Back in January, I may have surprised some people when Divergent slid into the number five spot on my top ten movies of 2014. It’s not necessarily because they thought the movie was awful; it just may not have been good enough to be that high on the list. But I stand by my placement, believing Divergent kicked off the series with moxie. It did an excellent job at setting up all of the characters, signaling where the series would be going next and wetting our appetites for more. Now we have more, and though I know for certain it won’t make it into my top ten list this year, The Divergent Series: Insurgent is still a very good follow-up that leads perfectly into the first installment of the last chapter in the series.
After stopping the nefarious Jeanine (Kate Winslet) from using most of the Dauntless faction to wipe out Abnegation, Tris (Shailene Woodley) and her conspirators, which include her boyfriend, Four (Theo James), her brother Caleb (Ansel Elgort) and her frenemy Peter (Miles Teller), have taken refuge in Amity, the faction of peace and tranquility, until they can find out where the remaining Dauntless members are hiding and mount a rebellion against Erudite. They don’t stay long, though. Ex-Dauntless leaders Eric (Jai Courtney) and Max (Mekhi Phifer), now working for Jeanine at Erudite, are looking under every rock for the insurgents, and Tris may be threatening her survival as she is unable to tame the temper that’s risen to the surface over the death of not only her parents (Ashley Judd and Tony Goldwyn), but the friend she had to kill to save her own life — the catalyst for most of her struggles throughout the film.

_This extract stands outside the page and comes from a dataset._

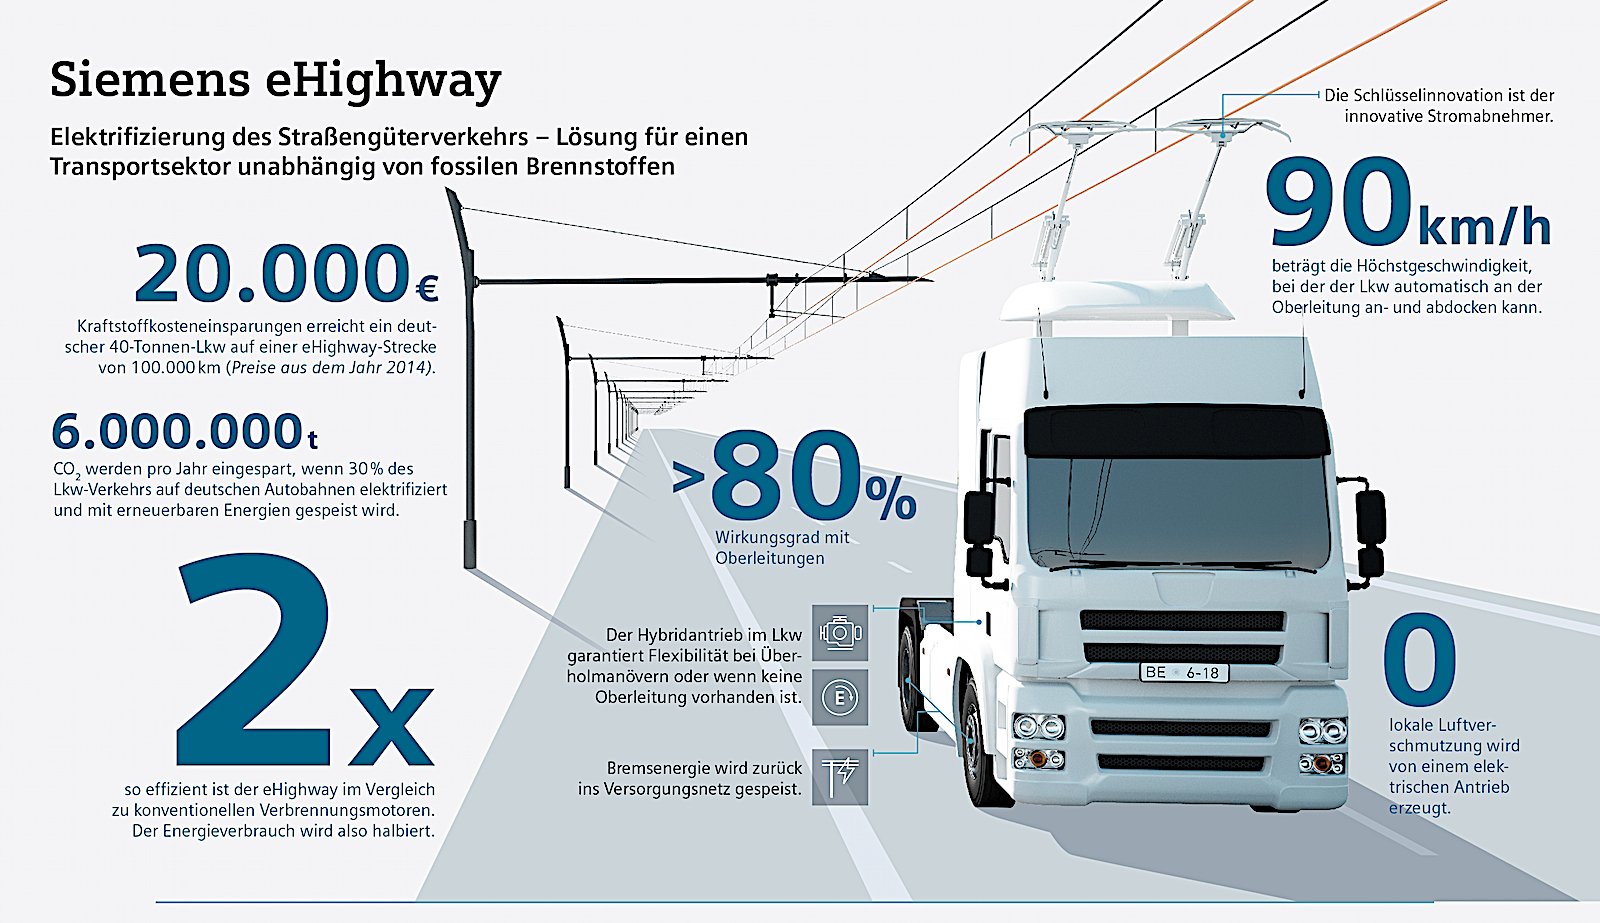 Der eHighway ist laut Siemens im Vergleich zu Verbrennungsmotoren doppelt so effizient. Die Versorgung der Lkw über eine Oberleitung mit Strom soll nicht nur eine Halbierung des Energieverbrauchs bringen, sondern auch eine Verringerung der lokalen Luftverschmutzung.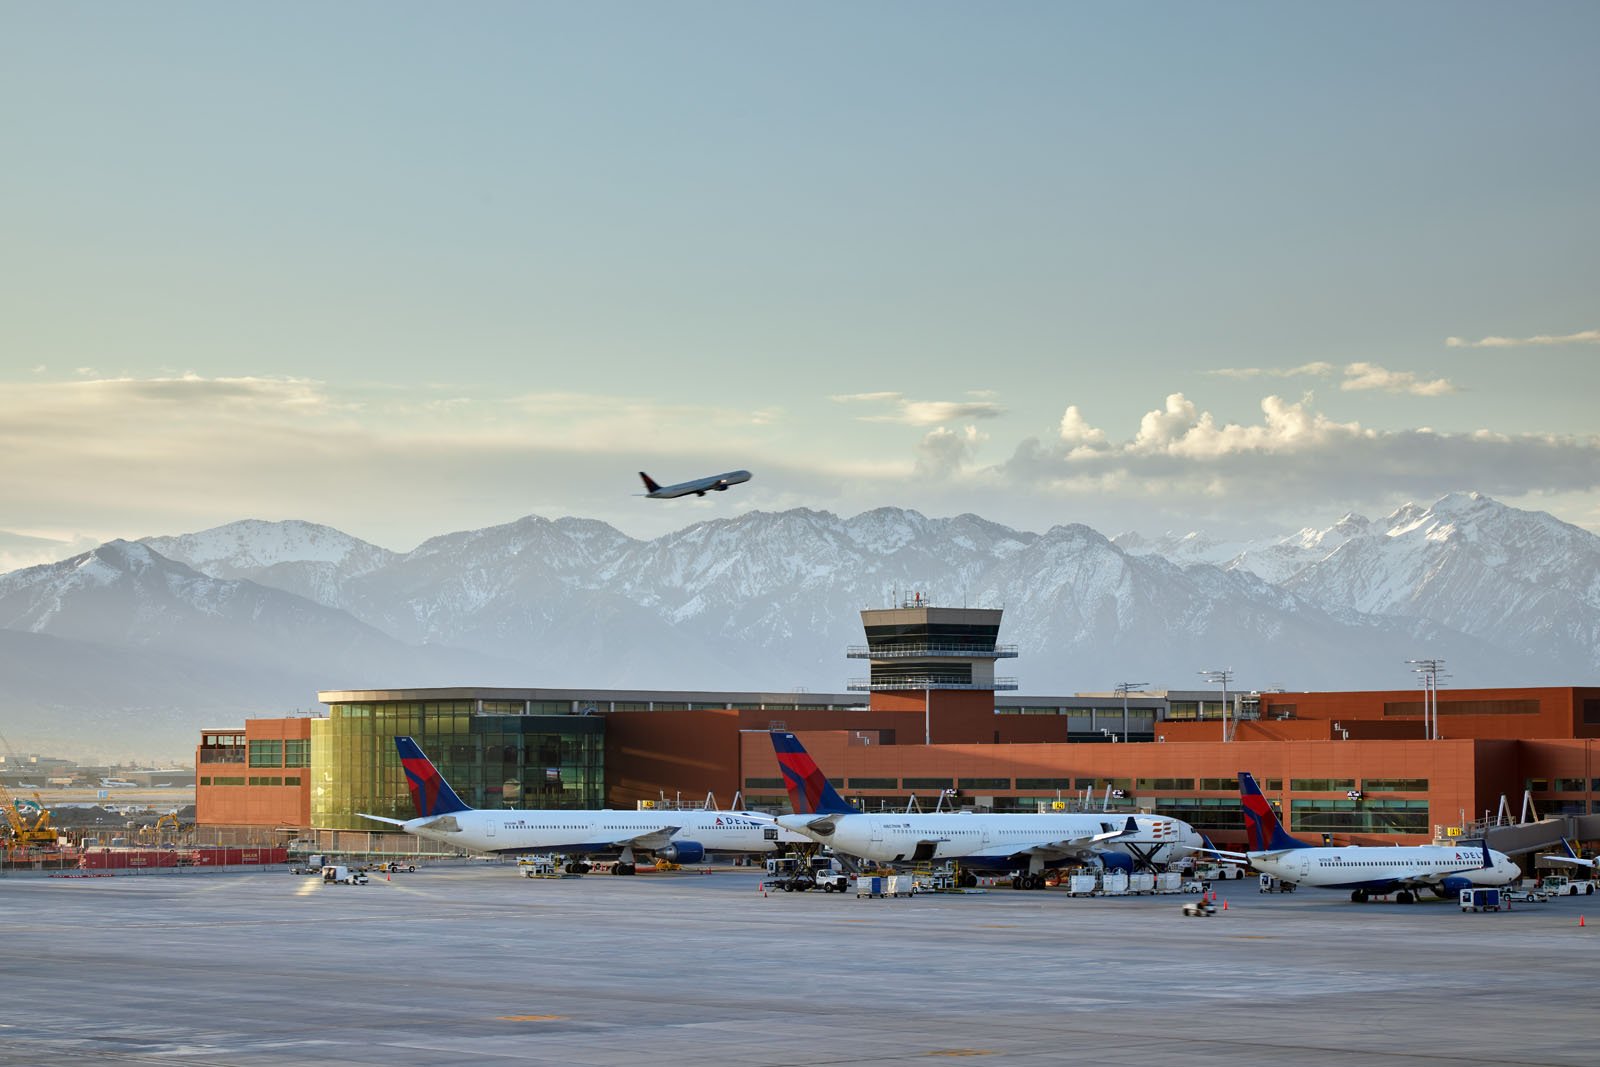 Vista del exterior del aeropuerto de Salt Lake City con varios aviones de Delta Air Lines. Foto: Bruce Damonte - Salt Lake City Airport

Woodley does an incredible job conveying Tris’s swelling turmoil that’s eating away at her entire identity. Starting with the butchering of her hair (an incredibly transformative scene that’s criminally reduced to a simple snip and exposition), Tris spends the majority of the film waging war over her guilt, forcing her to do battle against every value a divergent embodies — bravery, intelligence, selflessness, honesty and peace — and discover the true self hidden deep within. Though she must be brave in allowing Caleb to leave her side and selfless when it comes to protecting everyone from Jeanine, it’s the struggle with honesty that becomes the most affecting.
After being forced to flee Amity, Tris and Four join the factionless, where they’re sheltered by Four’s estranged mother, Evelyn (an unrecognizable Naomi Watts), who they both thought had died many years earlier. Evelyn informs them that Dauntless has found refuge with Candor and that when they are needed, the factionless would take up arms against Jeanine and her new security force. But the leader of Candor, Jack Kang (Daniel Dae Kim), isn’t so welcome, forcing Four and Tris to subject themselves to a lie detection serum before he will believe their story about Jeanine’s power grab. With the serum, the more you resist telling the truth, the more the serum attacks the body. The way Woodley conveys both the pain of the serum as the painful regret over so many deaths, the truth of which will also hurt her best friend, Christina (Zoe Kravitz), is remarkable. Every one of her grievances is slowly tearing her apart, and if she doesn’t come to terms with what she did, those grievances will continue to eat at her until she becomes entirely unrecognizable.
That’s also small potatoes to what awaits Tris at the hands of Jeanine. Early on, we learn that the reason she so adamantly wanted to wipe out Abnegation was so she could acquire a stone device that holds an important message for all of the factions. The only problem is it takes a divergent to open. Jeanine’s quest to find the divergent who can successfully withstand the simulations and unlock all of the faction keys on the device of course leads her to Tris, and nothing will get in the way of discovering the message.
Which brings me to one of the main issues I had with this film. Supposedly, Insurgent picks up a mere five days after Tris and her merry band went rogue, however, the technology seems to have advanced by years in that same time frame. Divergent not only introduced us to ways in which everyone is tested to decide which faction they belong to, but they set up a serum that gave Jeanine full mind control over all of the Dauntless. It was an extremely elaborate plan that apparently wasn’t needed, as now they can do basically the same thing with a small pellet shot into the skin. Not only that, but all of a sudden, Erudite can now use a simple handheld device to find out which faction someone can belong to, allowing them to locate any divergent as easily as a fly in milk. Both are very clever gadgets, but they sort of negate everything that was so thoughtfully set-up in the first movie.
Insurgent is nowhere near a masterpiece; in fact, I felt this outing was a little more predictable and a lot of what happens (such as, if Tris and Four are such high-caliber fugitives, how is it that they can walk around free as birds without so much as anyone recognizing them?) is somewhat questionable. By the time it came to revealing the message encased in the box, I pretty much knew what it was going to say. However, with the actors that have been put together for the series, these revelations come across fantastic, simply by each person’s reaction to it. And with a couple of surprising deaths and some good fight choreography, the film maintains the same level of high gloss and attractiveness as Divergent, which leads to a pleasing getaway that pumps your heart with adrenaline and allows for two hours of entertainment that will once again leave you wanting more.